Maximum value of $x^2+y^2$

Question

Question

Find the maximum value of $x^2+y^2$ if $4x^4+9y^4=64$

Now I really don't understand how to proceed or whether I should change my approach all together.

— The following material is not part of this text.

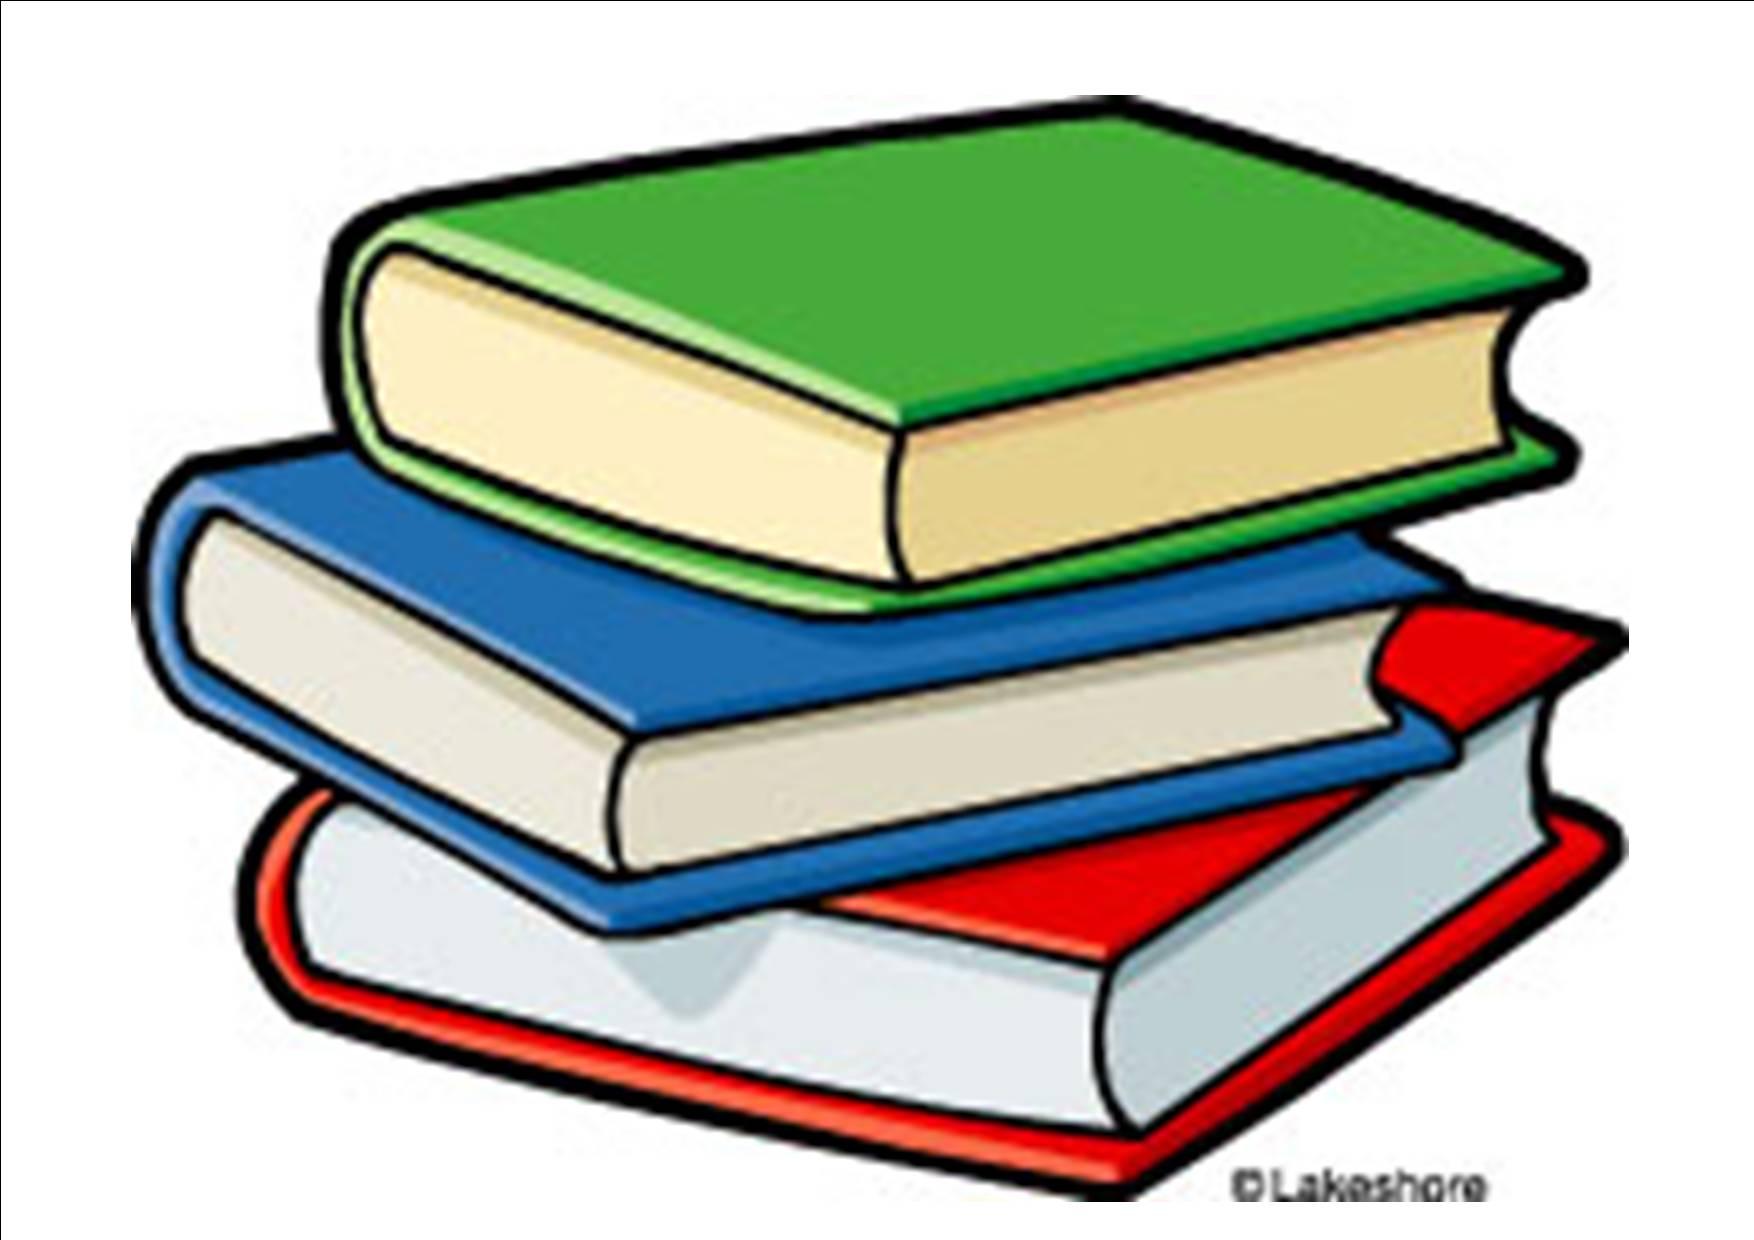 Book Clip Art: 10 reading book clipart.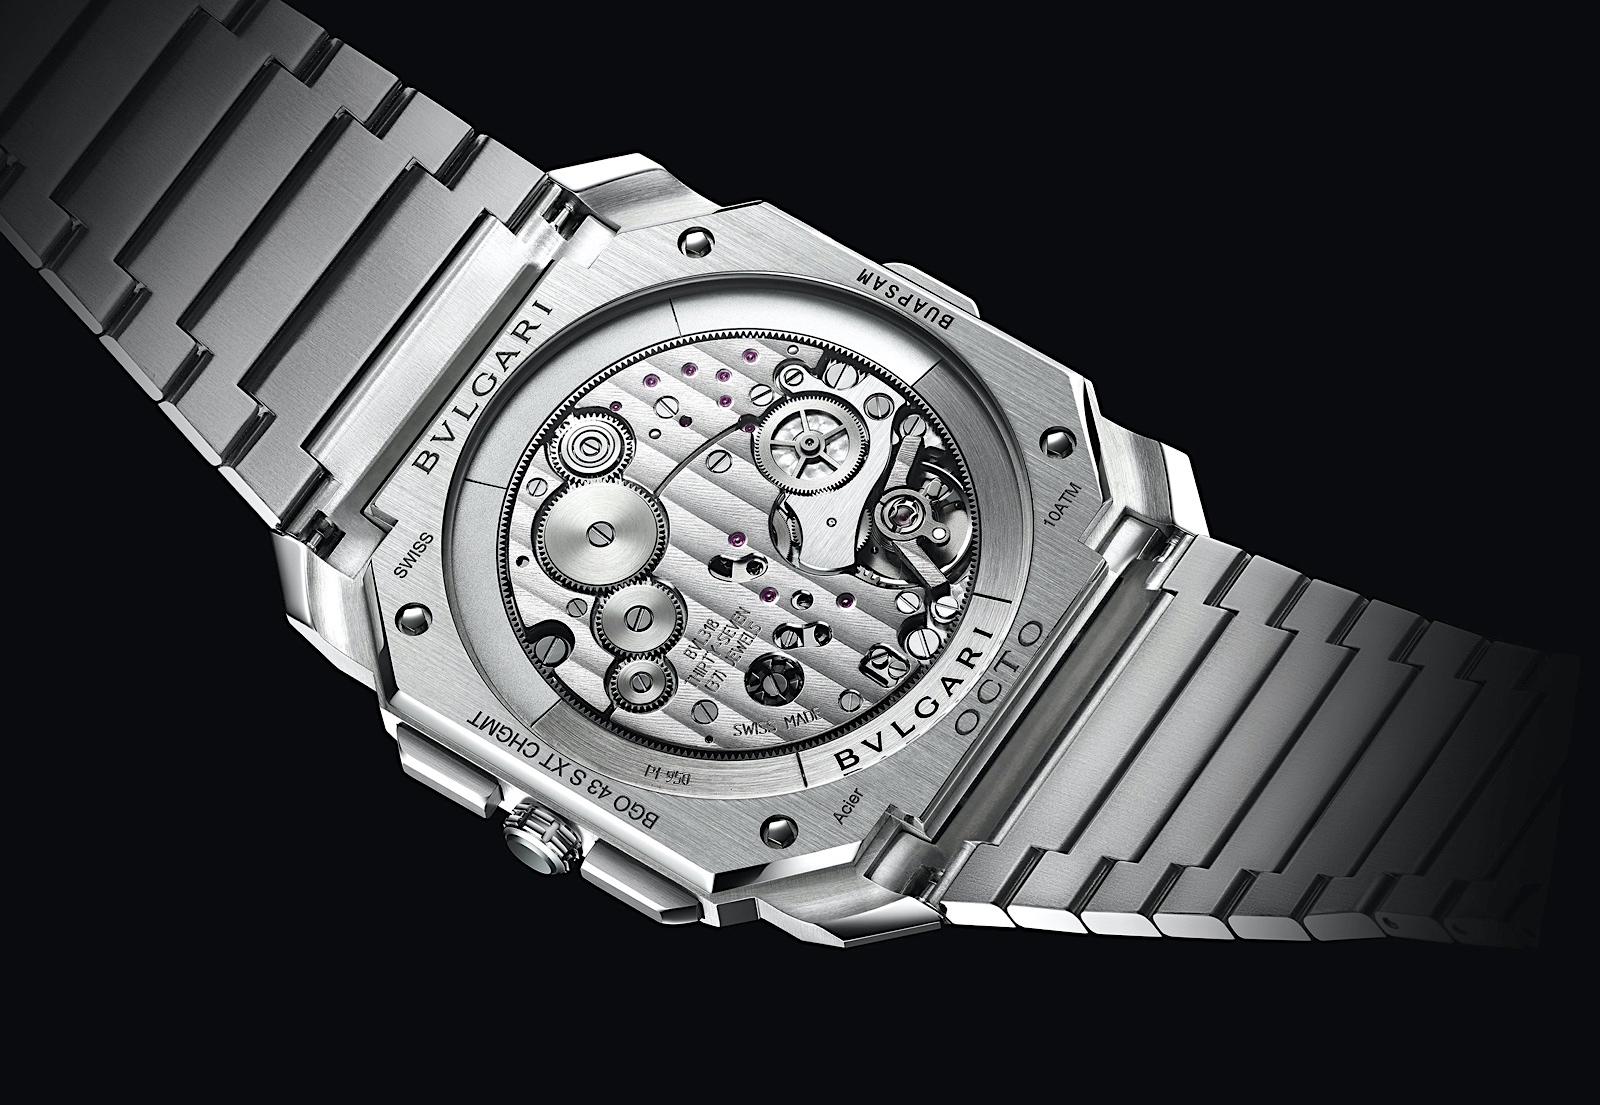 Bvlgari Octo Finissimo S Chronograph GMT - caseback

Any help is appreciated.Thanks :)

Answer 1

WLOG, $2x^2=8\cos t,3y^2=8\sin t$ where $0\le t\le\frac\pi2$

Answer 2

$$4x^4+9y^4=64$$

$$\frac{(x^2)^2}{4^2}+\frac{(y^2)^2}{(8/3)^2}=1$$

Let $x=\pm \sqrt{4\cos(\theta)}$ and $y=\pm \sqrt{\frac{8}{3} \sin (\theta)}$. With $\theta \in [0,\frac{\pi}{2}]$.

Then,

$x^2+y^2=4\cos (\theta)+\frac{8}{3} \sin (\theta)$

$$=\langle 4, \frac{8}{3} \rangle \cdot \langle \cos (\theta), \sin (\theta) \rangle$$

$$=\sqrt{4^2+(\frac{8}{3})^2} \cos \left( \theta-\arctan(\frac{\frac{8}{3}}{4}) \right)$$

Because $\arctan(\frac{8}{12}) \in [0, \frac{\pi}{2}]$. A maximum of,

$$\sqrt{4^2+(\frac{8}{3})^2}$$

Is achievable.